INSTRUCTIONS FOR THE TASK
Images are to be left out; everything else in the listing should be repeated exactly.

RECORDED DATA
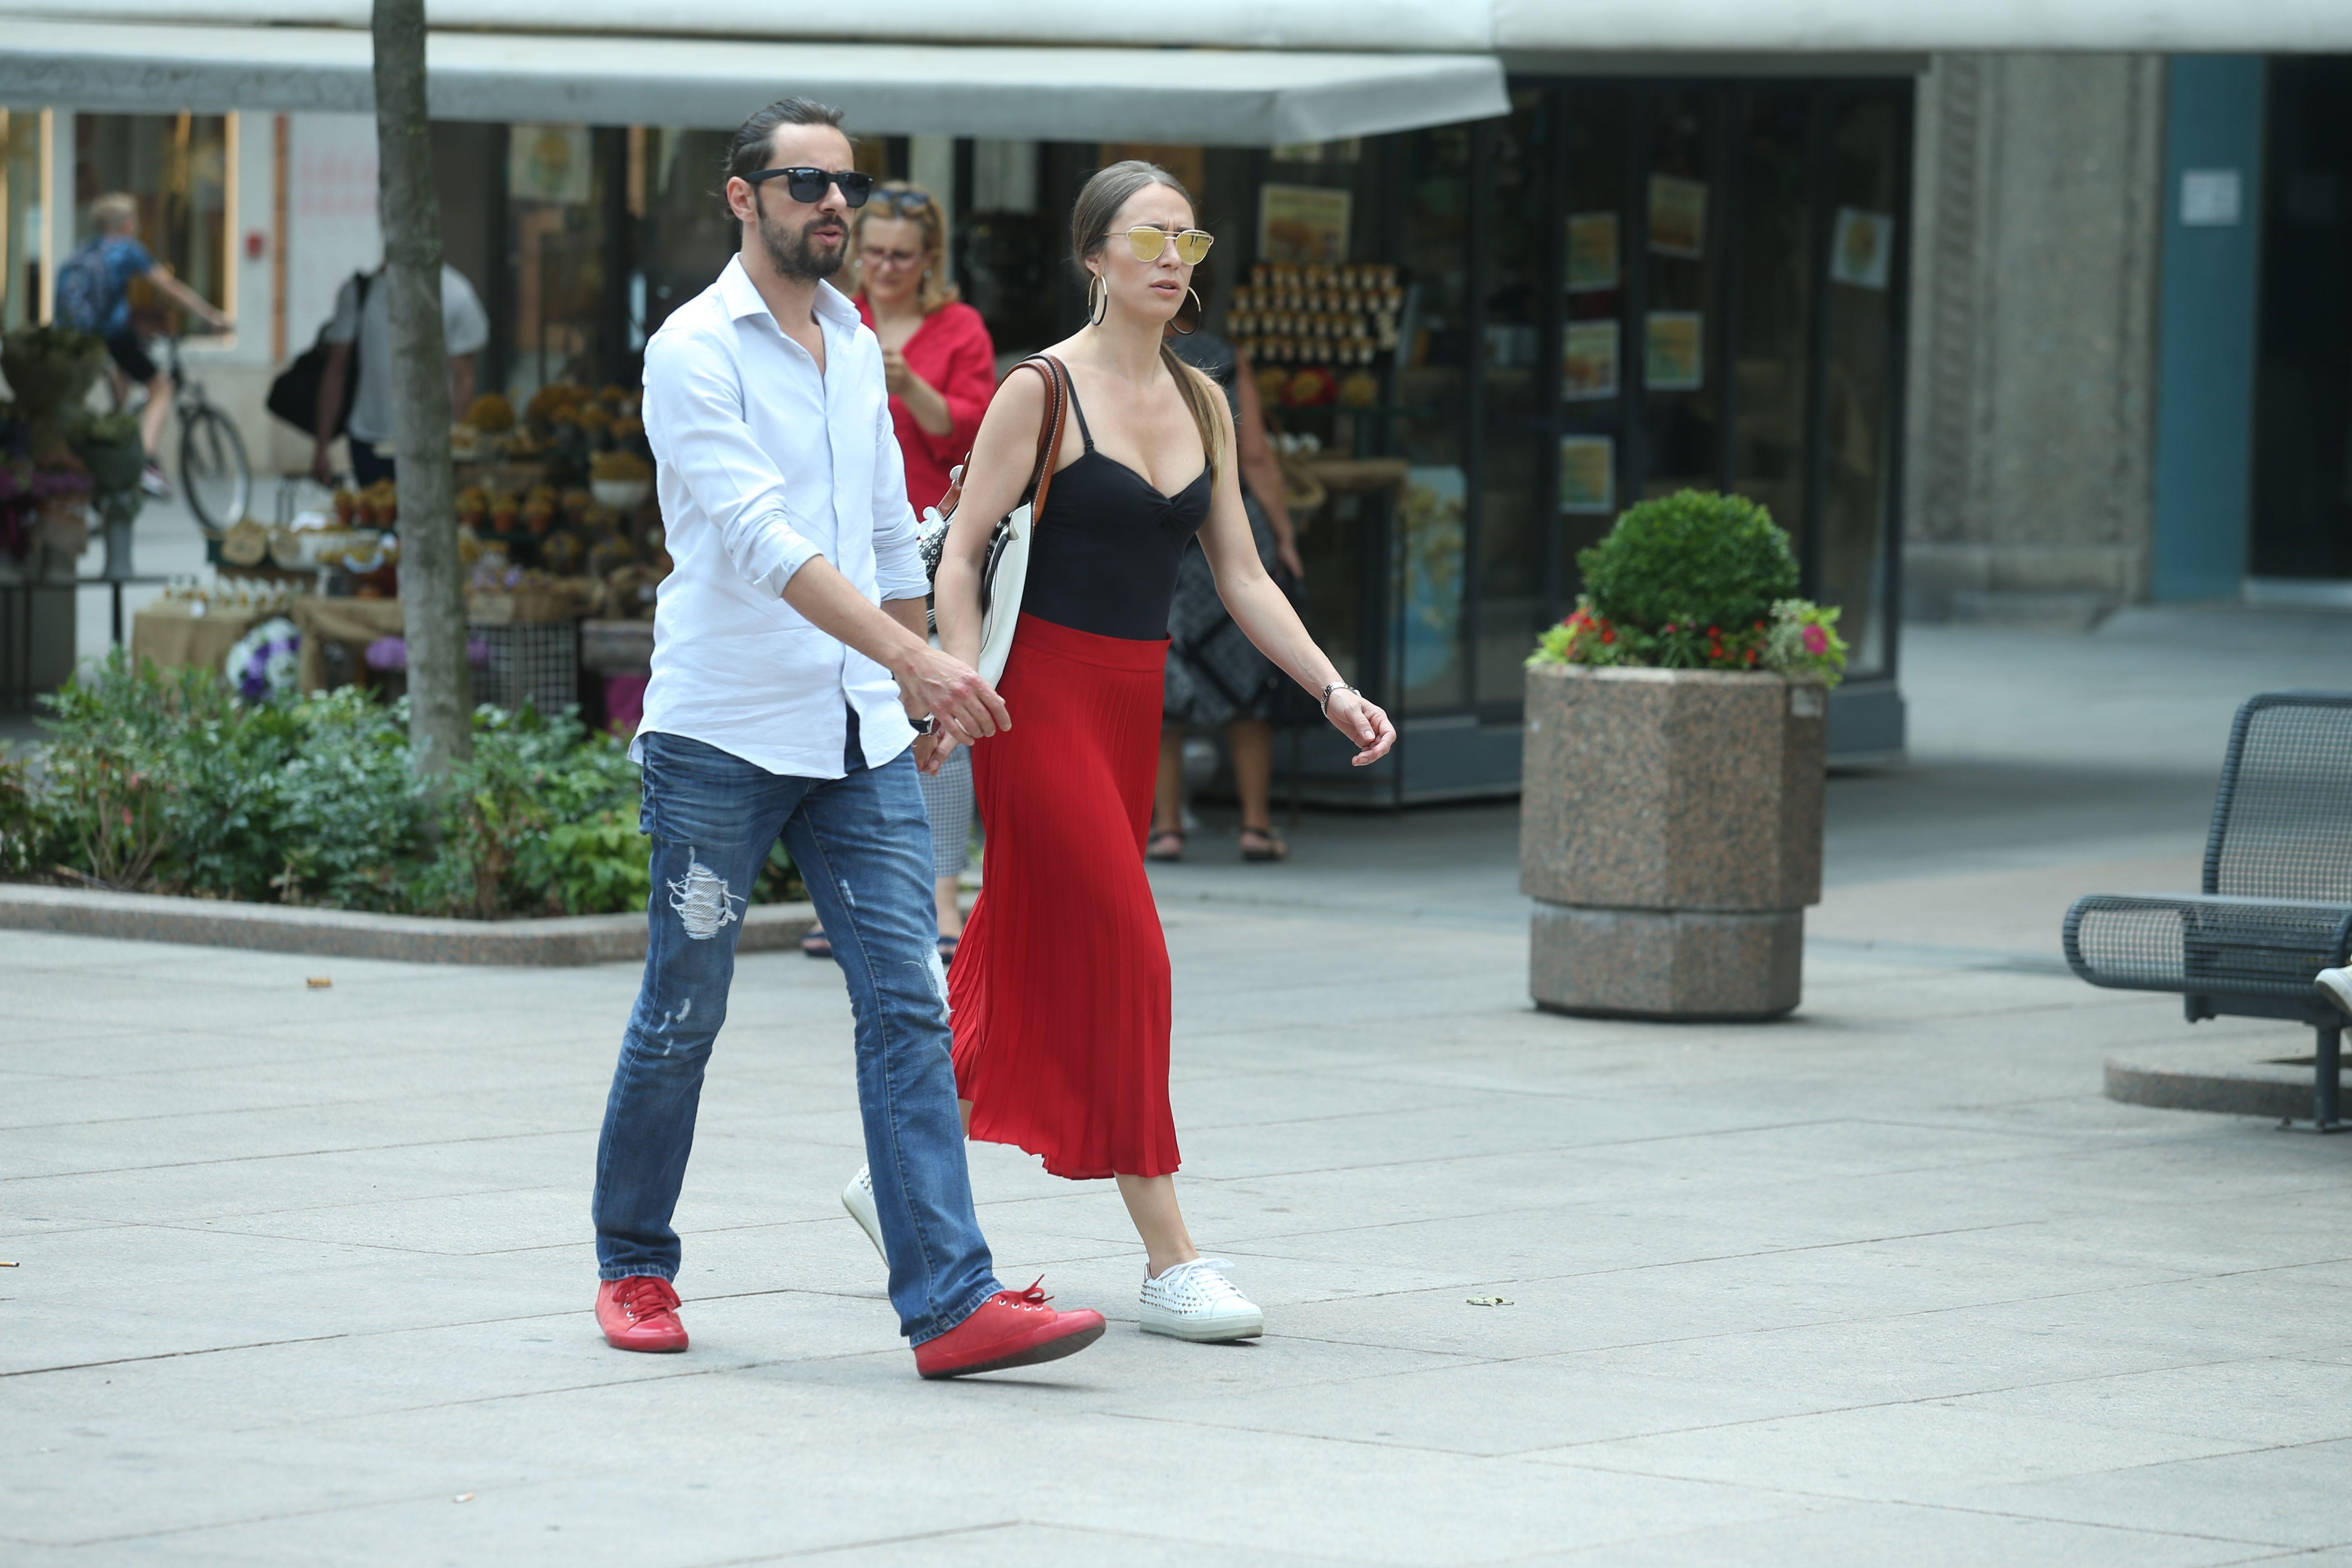 Kakav cool par: Njih dvoje su stylish i zgodni, a znaju da su crveni detalji must have
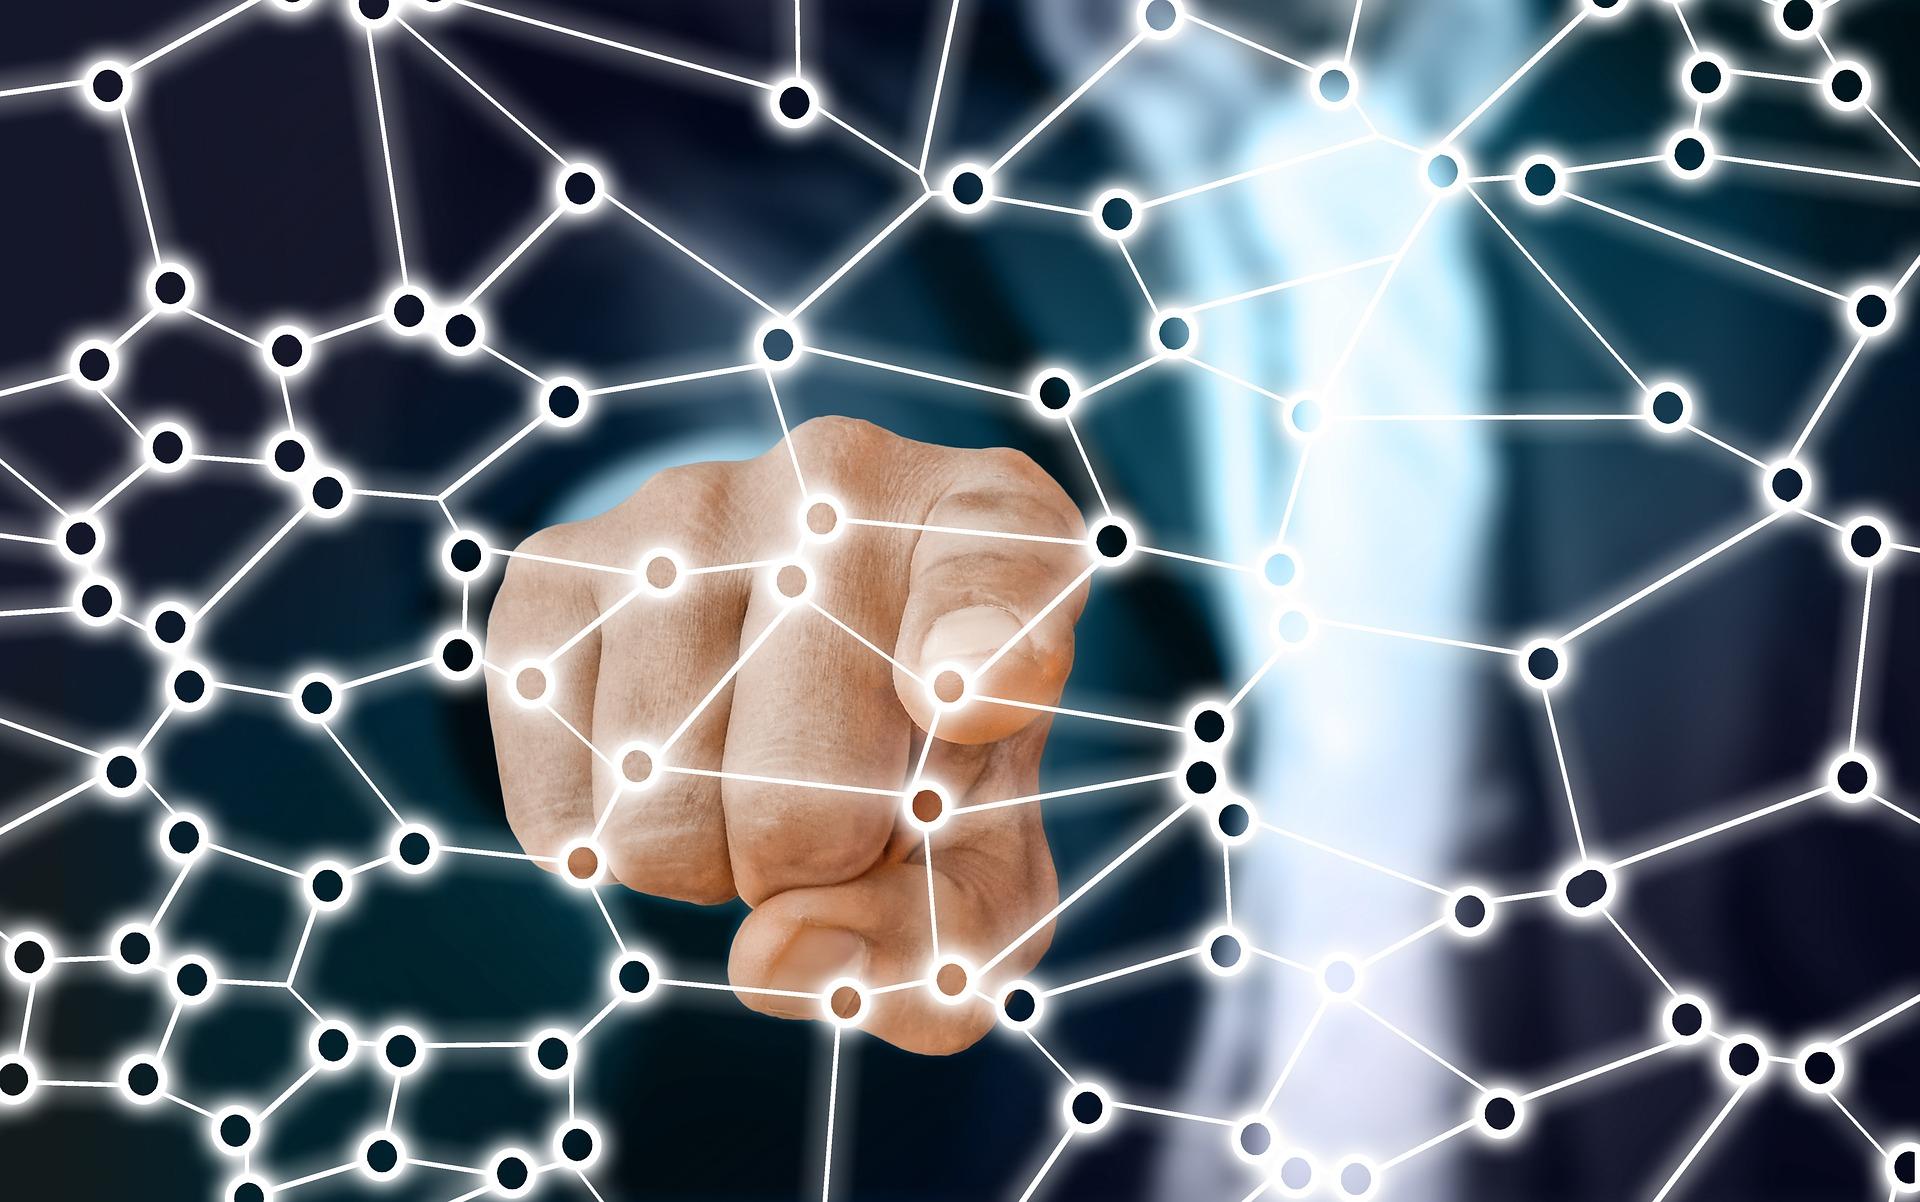 Leiter in der Softwareentwicklung<br /><span class='year'>2018 – 2019, Oldenburg</span><br  /><small>embeteco GmbH & Co. KG</small><br /><span class='addon'>Forschungsprojekte:<br /> DigiProB – Digitale Tools zur Integration von Lernen und Erfahrung im Baugewerbe<br /> EMGIMO – Neue Energieversorgungskonzepte für Mehr-Mieter Gewerbeimmobilien</span>
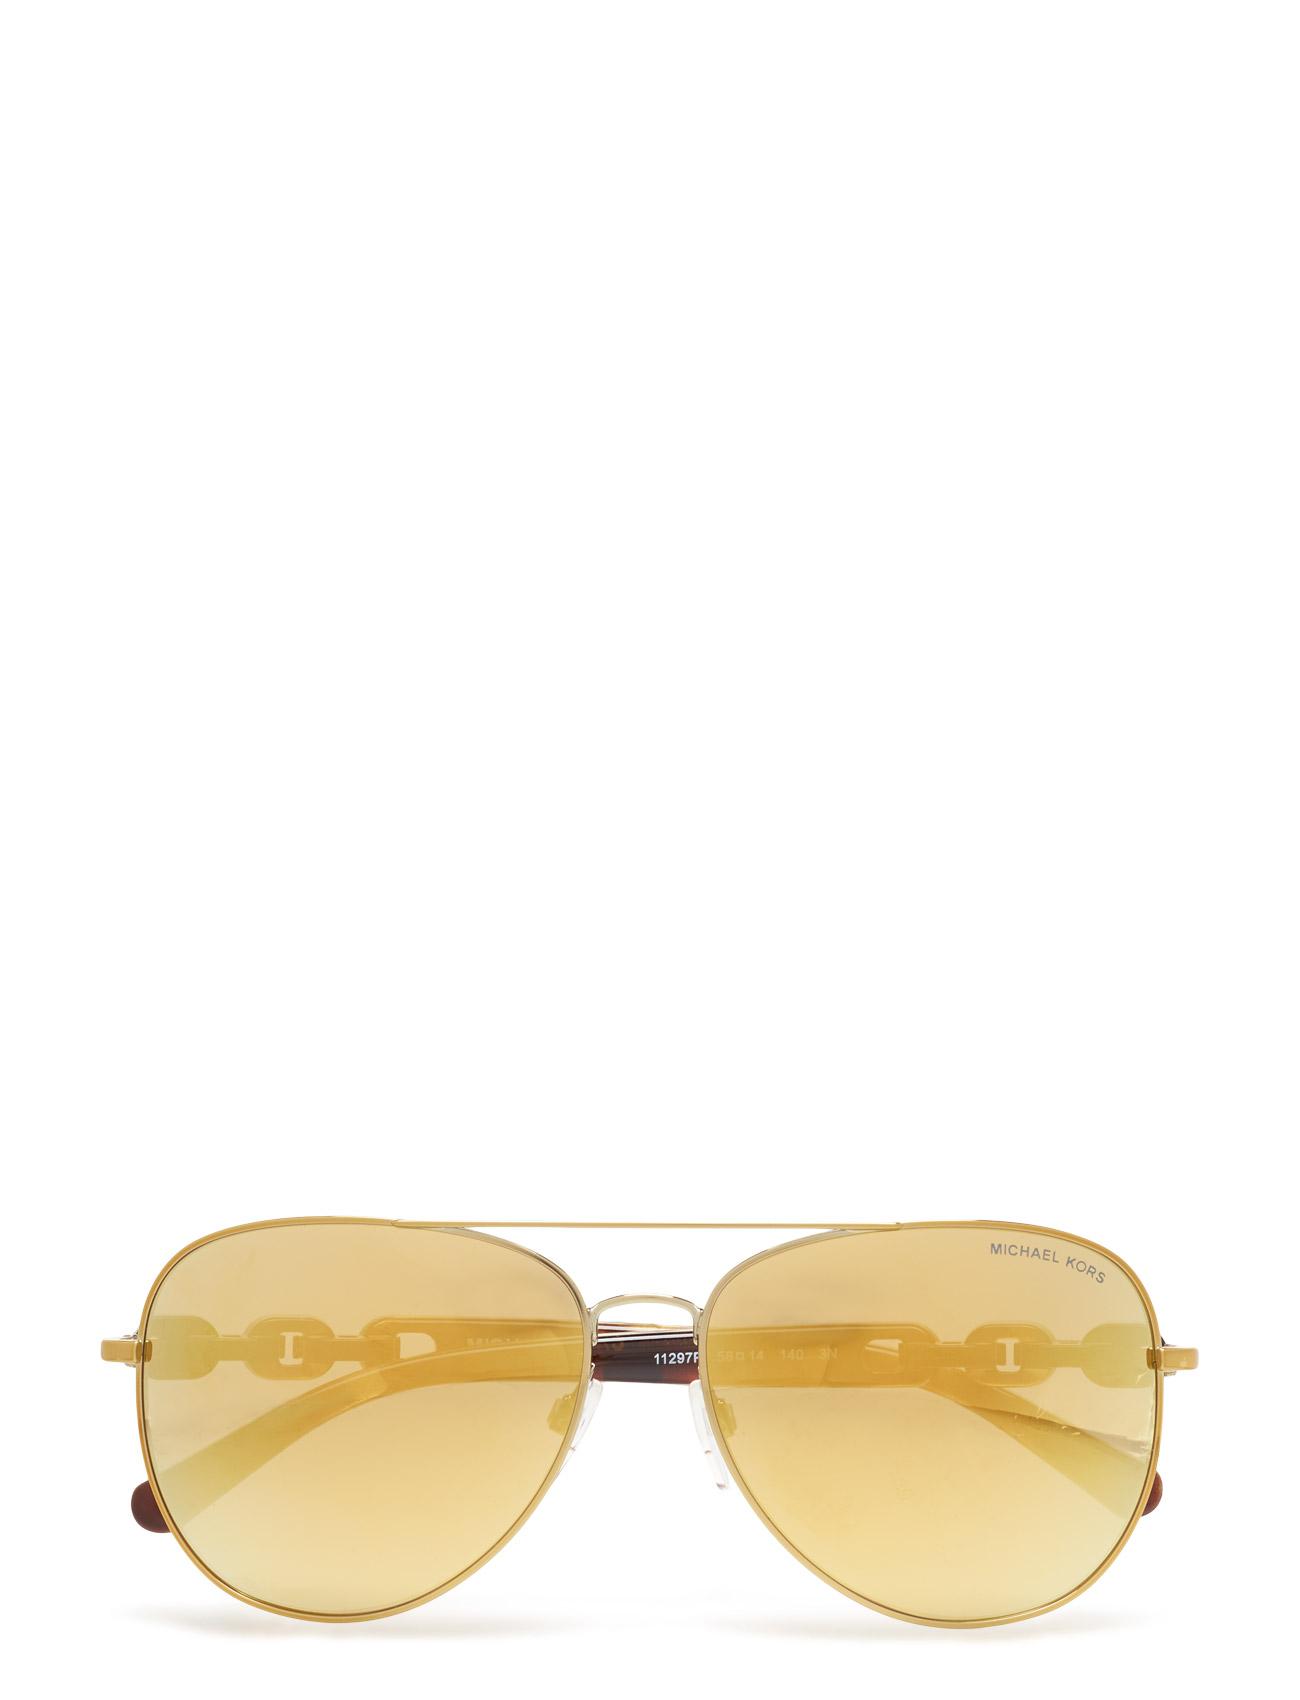 Pandora Michael Kors Sunglasses Solbriller til Kvinder i Guld

OUTPUT FOR THIS EXERCISE
 Kakav cool par: Njih dvoje su stylish i zgodni, a znaju da su crveni detalji must have
 Leiter in der Softwareentwicklung<br /><span class='year'>2018 – 2019, Oldenburg</span><br  /><small>embeteco GmbH & Co. KG</small><br /><span class='addon'>Forschungsprojekte:<br /> DigiProB – Digitale Tools zur Integration von Lernen und Erfahrung im Baugewerbe<br /> EMGIMO – Neue Energieversorgungskonzepte für Mehr-Mieter Gewerbeimmobilien</span>
 Pandora Michael Kors Sunglasses Solbriller til Kvinder i Guld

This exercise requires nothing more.